As I wrote, the poker kept growing and crowding out the technical stuff. I started writing more about myself, why I believed things and the life experiences that led me to them. That became more important to me than proving that my contentions were true. I realized that I wasn't writing a conventional argument, establishing points and building them up to conclusions, I was asking the reader to look at the world from my perspective. I wanted them to take my ideas as an integrated whole, not a series of contentions to be evaluated one at a time. I don't expect anyone to accept everything in the book, but I hope everyone who reads it looks at finance, risk and poker a little differently afterwards.

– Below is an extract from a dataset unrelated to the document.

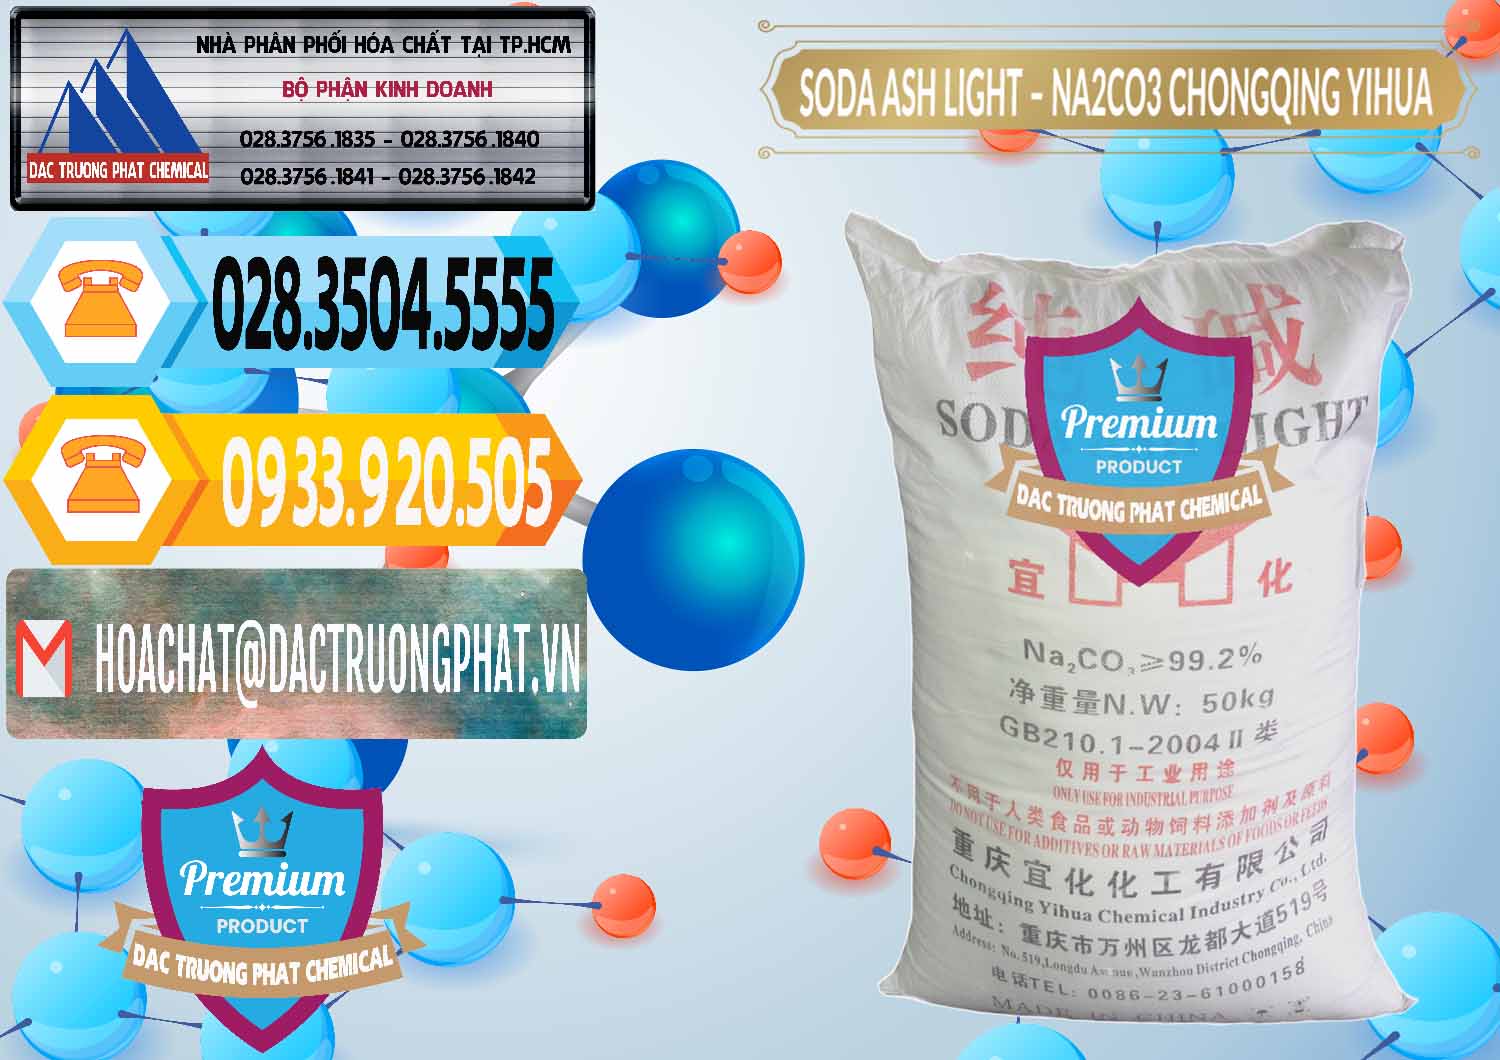 Nơi chuyên bán _ cung cấp Soda Ash Light - NA2CO3 Chongqing Yihua Trung Quốc China - 0129 - Cty bán và phân phối hóa chất tại TP.HCM - hoachattayrua.net

I read a lot as I wrote, and I found myself putting aside new books and rereading classics. My original book was something of topical interest to finance professionals, something that might sell for a couple years and then either get a new edition or die. My ambition grew to write a book that people will read twenty years from now. Influence from books like Lombard Street, The Education of a Poker Player, Speculation as a Fine Art, Where are the Customers Yachts?, Beat the Dealer, The Great Crash, A Random Walk Down Wall Street and Practical Poker crept in to my work. In all these books the author explains in clear, simple terms something that everyone else makes complicated; and opens himself up in the process. You don't just learn about the subject, you learn about the author, and how the author views the subject. All these books have timeless interest, Lombard Street, for example, 150 years later, remains the only clear explanation of what a bank does. Modern books that encouraged me were Fooled by Randomness, My Life as a Quant, The Death of Gentlemanly Capitalism, Iceberg Risk, Blink and Positively Fifth Street.

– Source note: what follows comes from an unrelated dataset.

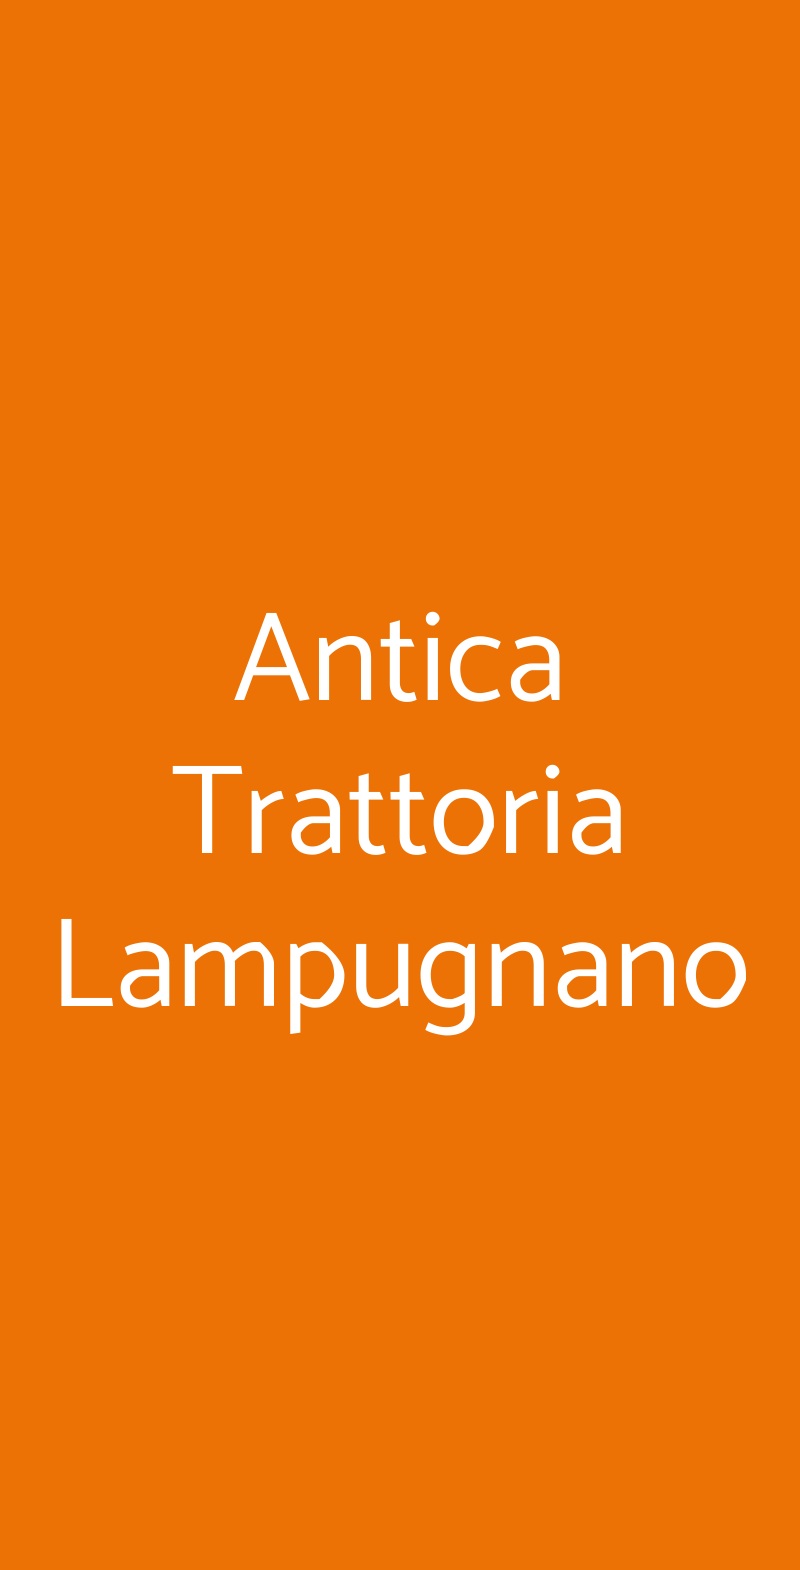 Antica Trattoria Lampugnano Milano menù 1 pagina

After the fact, I realized another common denominator to most of those books. The author had spent a long career in finance, in other cases, a lifetime in poker. Many financial books are written by people with no professional experience in the field, others by people who worked at entry-level jobs for a few years. You don't have to love finance to be qualified to write about it, but it's important that some finance lovers communicate their ideas, for balance if not for expertise. Similarly, many poker books are written by people with only casual interest in the game (the ones above are notable exceptions). Some of these authors are card players or gamblers, some are mathematicians, some are good writers, some have no qualifications at all. Most of the serious players who do write books are full-time professional tournament players, and for the most part I think they do a poor job of communicating the nature of the game. They may teach you how to play, but seldom why.

That's my book. I hope people like it. When I started writing, that was my main hope. Now that I'm finished, I'm proud of it no matter what happens. If it doesn't sell a copy, I won't be sorry I wrote it (my publisher, on the other hand, will be sorry it paid me to write it). Whether you liked it or not, whether it changed your thinking or not, please let me know what you thought.